In order to maintain a low structural depth, the fan can be a radial fan and for the pump to be an immersion pump, which is inserted into a tank which is tall with respect to its structural depth.

In one embodiment of this invention, the partial area at the front is connected with the surroundings via at least one opening. The openings are arranged in the front wall of the receiver housing, wherein the fan and the liquefier are connected with the surroundings through the openings. The openings are formed by covers, or are overlapped by covers, which conduct the airflow provided to the liquefier and the fan in different directions by guide elements. With this arrangement the air guidance of the outer circuit is connected with the surroundings only via the front side of the housing. Thus the recirculation cooling system can also be installed in a space-saving manner directly at the side of adjoining housings or the like.

In order to maintain a low structural depth, the fan can be a radial fan and the pump can be an immersion pump, which is inserted into a tank which is tall with respect to its structural depth.

In a further embodiment of this invention, the compressor of the refrigeration circuit is arranged in a receiving area which bridges the two partial spaces and is accessible via the front of the receiving housing.
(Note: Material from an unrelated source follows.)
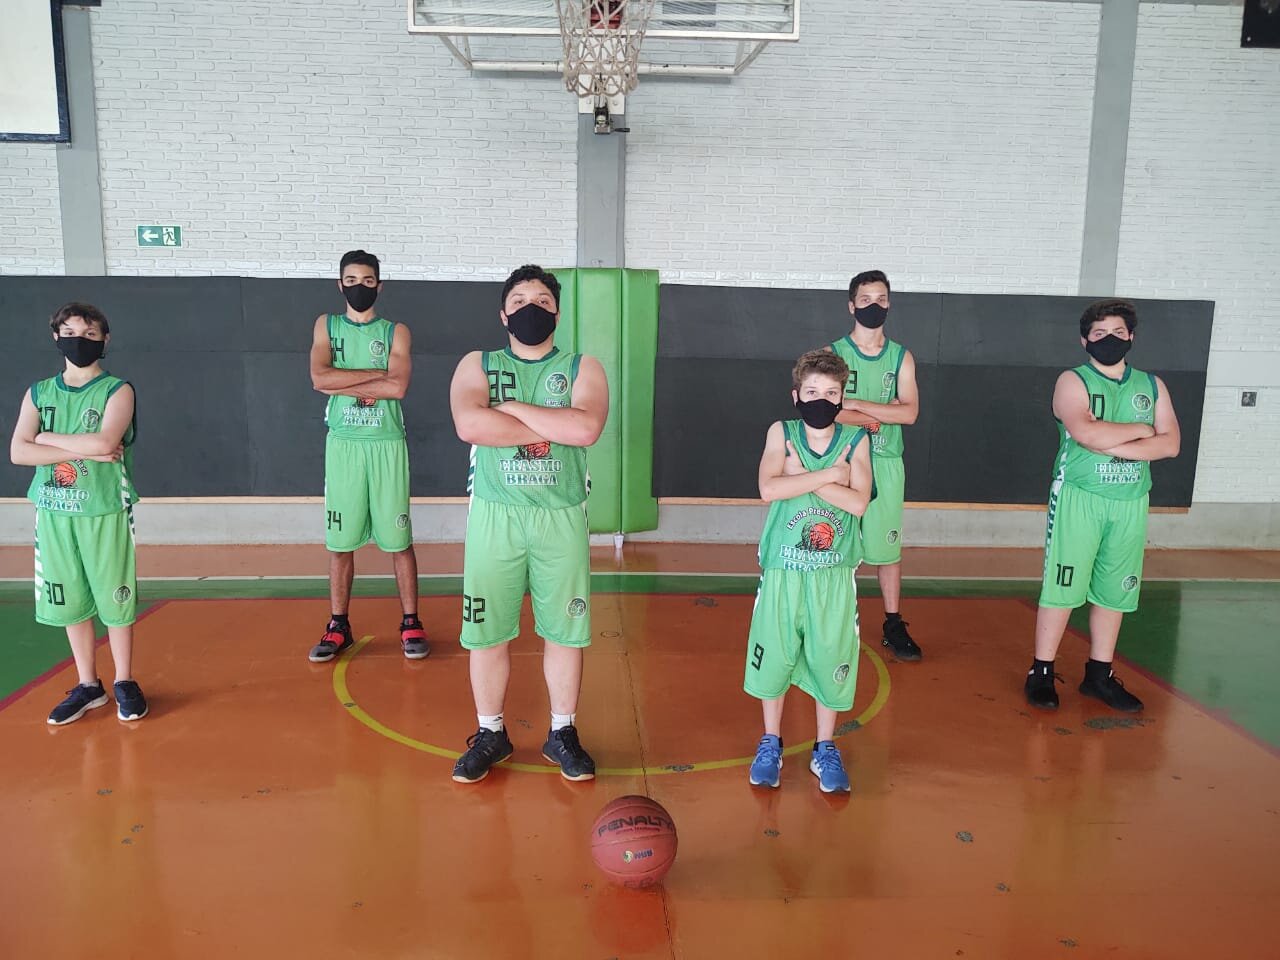 Atletas da Escola Presbiteriana Erasmo Braga, do Mato Grosso do Sul, posam para foto dentro de quadra de basquete. Todos estão de máscara.

If service is required, the compressor is accessible via the front of the device.

BRIEF DESCRIPTION OF THE DRAWINGS

This invention is explained in view of an exemplary embodiment represented in the drawings, wherein:

FIG. 1 is a rear view of a recirculation cooling system;

FIG. 2 shows the recirculation cooling system of FIG. 1 but in a plan view from the right side;

FIG. 3 shows the recirculation cooling system of FIGS. 1 and 2 in a front view and with covers applied; and

FIG. 4 shows the representation in accordance with FIG. 3 but in a plan view from the left side.

DESCRIPTION OF PREFERRED EMBODIMENTS

A recirculation cooling system is represented in FIGS. 1 and 2, and has a receiver housing 10 with a rear wall 12 and a front wall 11 arranged parallel with respect to the rear wall 12. A floor 13, a cover 14 and lateral walls 16 extend between the rear wall 12 and the front wall 11.
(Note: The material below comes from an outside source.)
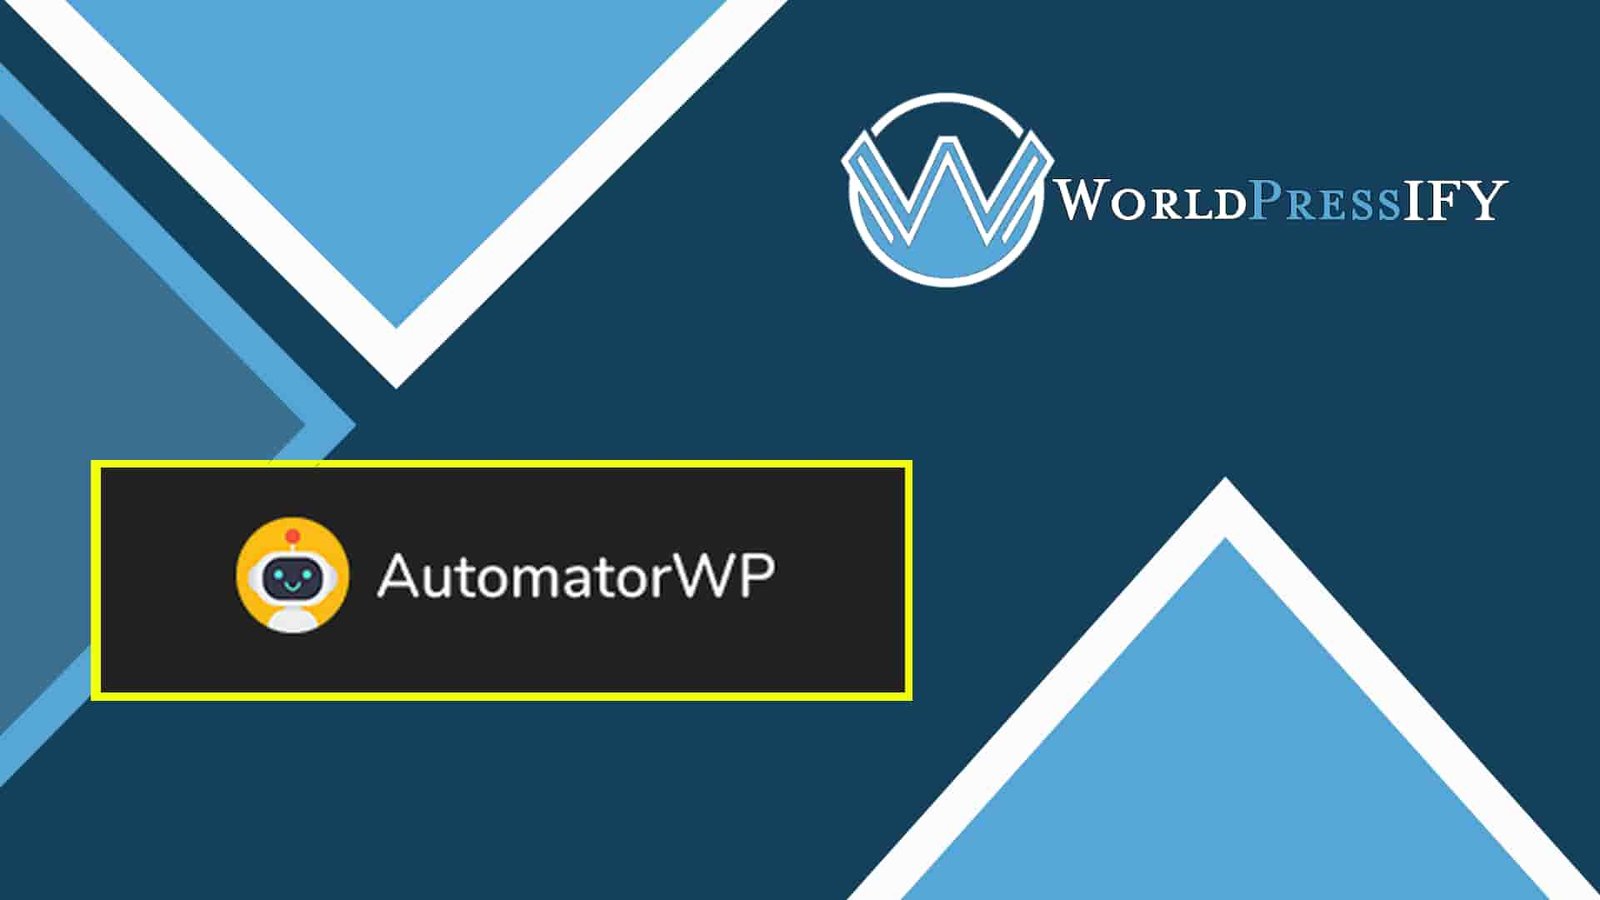 AutomatorWP – Invite Anyone - WorldPress IFY

A separating wall 15 is arranged parallel with respect to the rear wall 12 and the front wall 11 and separates the receiving space surrounded by the receiver housing 10 into two partial spaces.
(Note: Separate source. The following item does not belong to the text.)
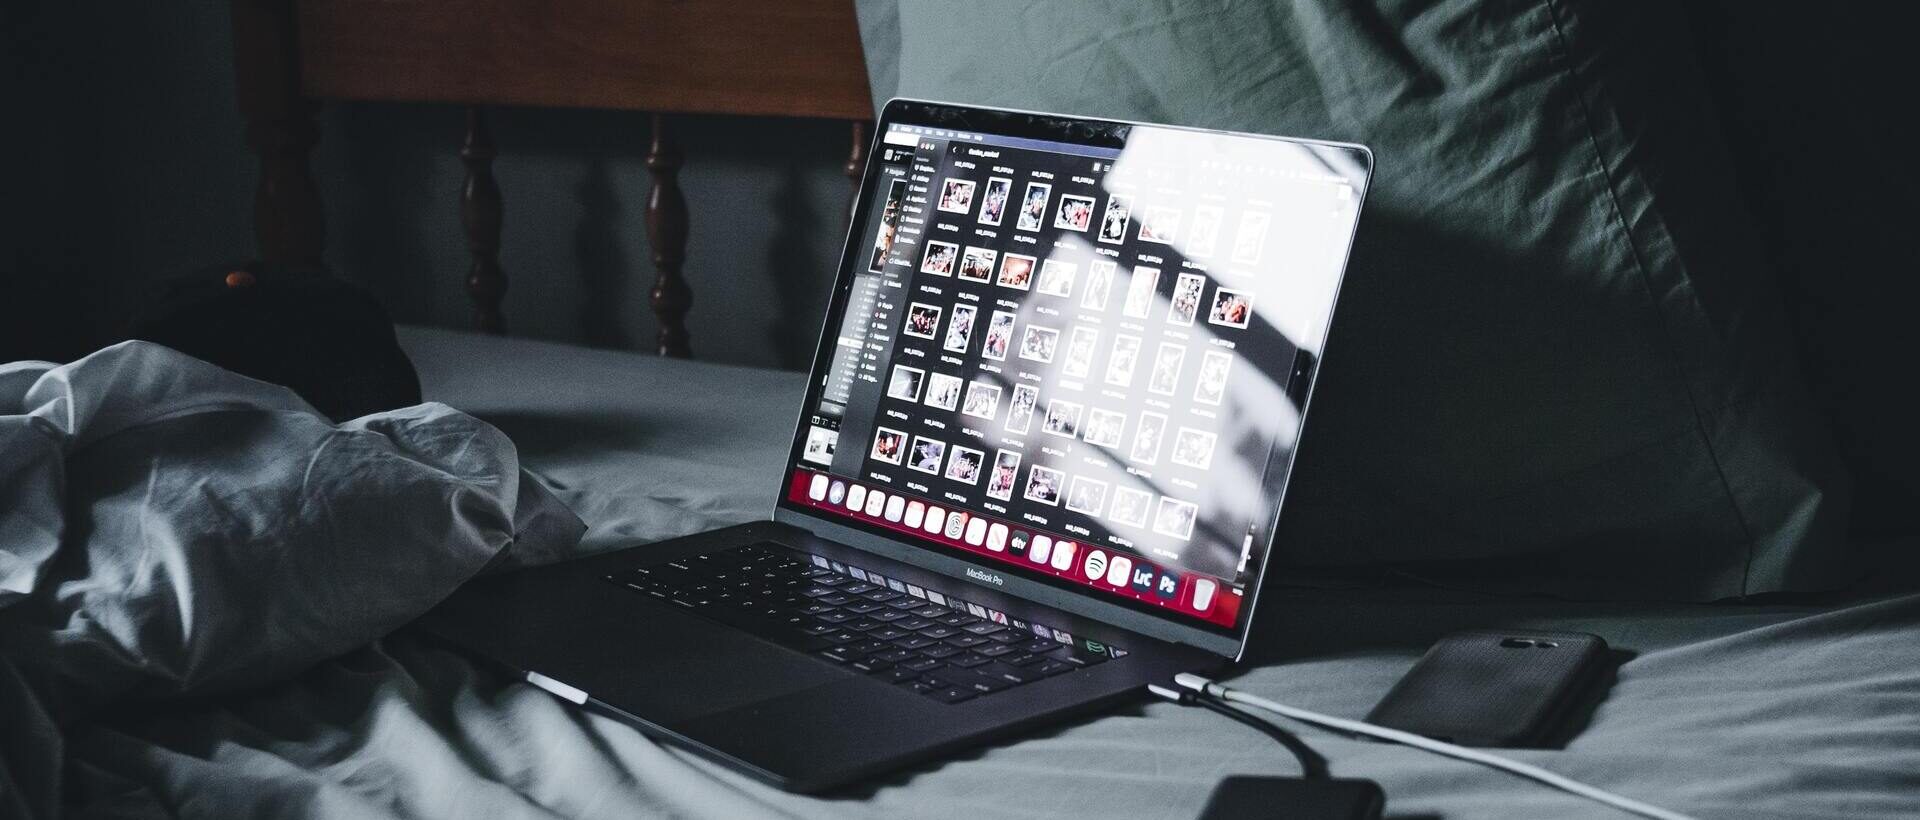 Ein aufgeklappter Laptop auf dem Bett mit einem geöffneten Bildprogramm

A liquefier 32 and a fan 31 of a refrigeration circuit are housed in the partial space assigned to the front of the device. The fan 31 is embodied as a radial fan and aspirates air from the surroundings via the open front wall 11 along its axis of rotation and blows it out radially. The air is then conducted through the liquefier 32 and is released, warmed again, through the open front wall 11 to the surroundings.

An evaporator 22 of the refrigeration circuit is arranged in the second partial space of the receiver housing 10. A compressor 34 of the refrigeration circuit is arranged in the area of the floor 13 of the receiving housing 10 and is arranged in a connecting area bridging the two partial spaces. In this case, the compressor 34 is arranged so that its connecting side and electrical shielding are accessible through the front wall 11. The individual components of the refrigeration circuit are connected with each other by coolant lines 33. Components of a water circuit 20 are housed in the rear partial space. For service purposes, the rear wall 12 is designed to be open. The rear partial space receives a tank 24, into which a pump 23 is inserted. The pump 23 is designed as an immersion pump. The tank 24 is connected with the evaporator 22 via a return line 25. The return line 25 is conducted through the evaporator 22. Following the evaporator 22, the return line 25 leads to the cover 14 and is fastened there to the connector 21.

The feed line 26 is also maintained on the cover 14 by a connector 21 and leads to the pump 23.

As FIGS. 3 and 4 show, the open front wall 11 is closed off by covers 41, 42. In this case, two upper and two lower covers 41, 42 are used. The two covers 41, as well as 42, are identical, but are installed rotated by 180° and constitute openings, which are covered by plate gratings formed on them. The plate gratings have inclined plates which, as guide elements, guide the airflow in the direction toward the cover or bottom 14, 13. In this way, a short circuit of the air, which would hamper air from entering or leaving, is avoided. The covers 41, 42, and a central cover 43, can be removed. The front wall 11 is then accessible, and service work can be performed through its openings in the front partial space.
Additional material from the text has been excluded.